According to the Department of Finance, commercial properties led the decline in overall property values. Retail and hotel values dropped 21.1 percent and 22.4 percent, respectively, while office building values fell 15.6 percent.

However, the city’s new tax assessment roll shows the value of Class 1 properties, that’s one-to-three family homes, went up by 5.3 percent to $23.2 billion.

The overall market value of Class 2 (cooperatives, condominiums and rental apartment buildings)fell to $320 billion in FY22, decreasing by $27.6 billion, or eight percent.

But in Brooklyn, where values fell 5.2 percent, billable assessments have increased 3.2 percent.

The real estate industry generated more than half (53 percent) of the City’s total annual tax revenue in the last fiscal year, which is more than double the next closest contributor – personal income tax, which accounts for 21 percent of the City’s annual tax revenue.

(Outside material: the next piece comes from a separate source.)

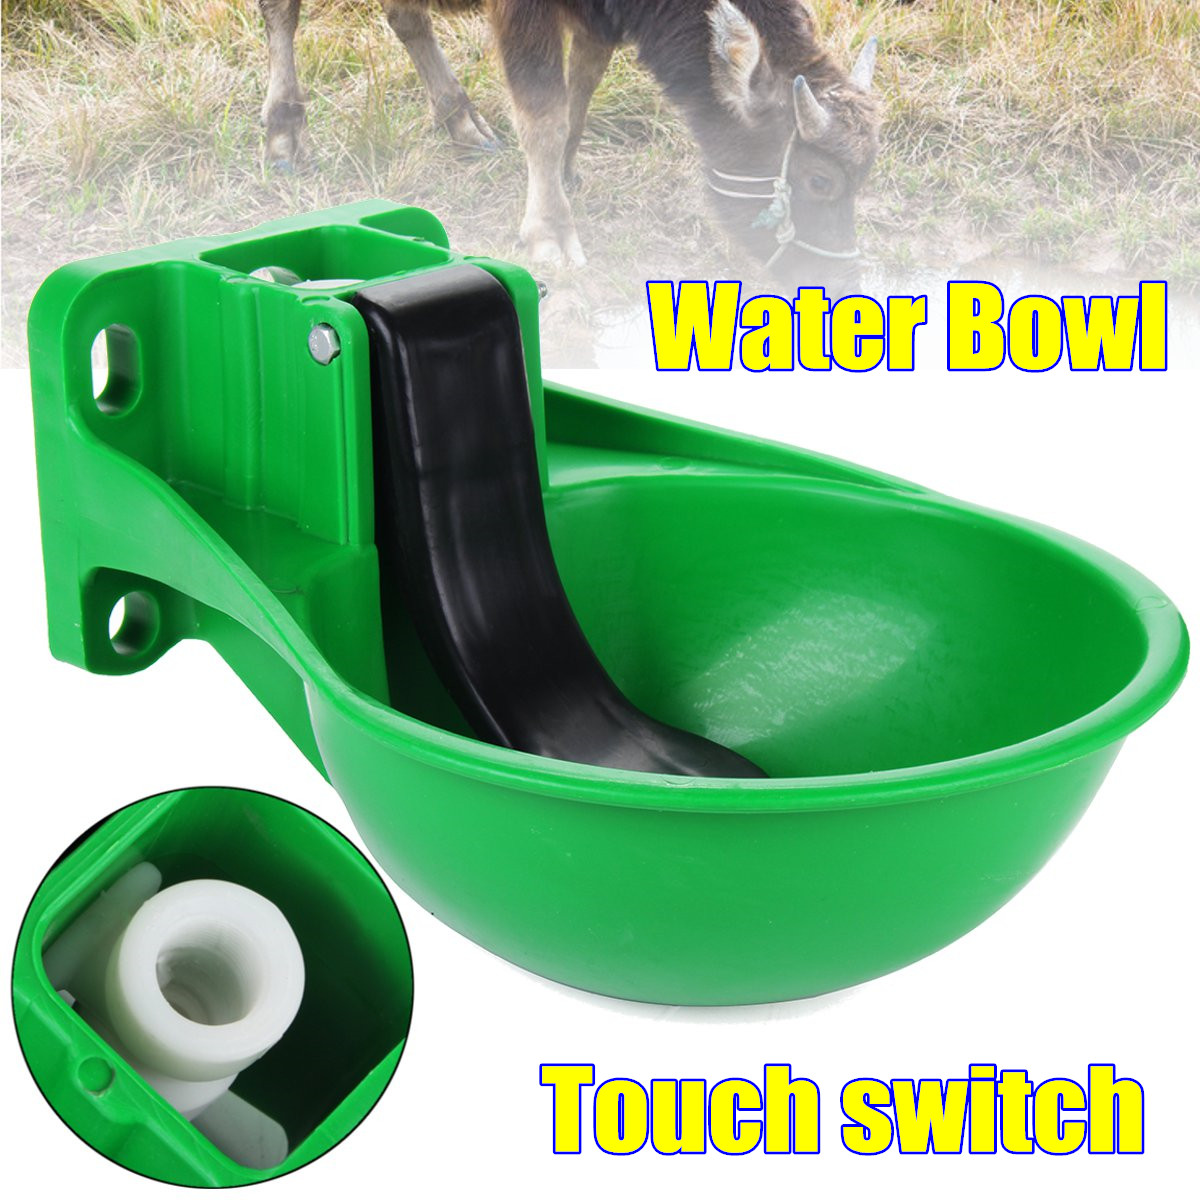 Large-Automatic-Touch-Switch-Water-Bowl-Bottle-Dispenser-Farm-Cow-Horse-Drinking-Waterer-1385253

Last March when the pandemic began to ravage the City, the State implemented an eviction moratorium.

Albany lawmakers recently enacted the COVID-19 Emergency Eviction and Foreclosure Prevention Act of 2020, which protects all tenants – even those who have no financial hardship but aren’t paying their rent – from eviction until at least May 1, 2020.

Stabilized rents were also frozen for the third time under the de Blasio Administration, despite increased owner operating expenses.

Through all of this — and the pandemic — landlords have still been required to pay their property taxes, mortgages, water bills, and other building operating expenses.

“Residential and commercial tenants continue to reel from the negative financial impact of government-mandated lockdowns – and City officials are oblivious to the fact that this has had a domino effect on landlords,” said Strasburg.


“The Mayor has repeatedly made it loud and clear that property tax payments are needed to fill the City coffers as the budget deficit increases. But with no relief for landlords, he is destroying the same affordable housing stock he swore he would preserve

“Tenants should be joining us in calling on the Mayor to put a freeze on all property tax assessments for the upcoming fiscal year.”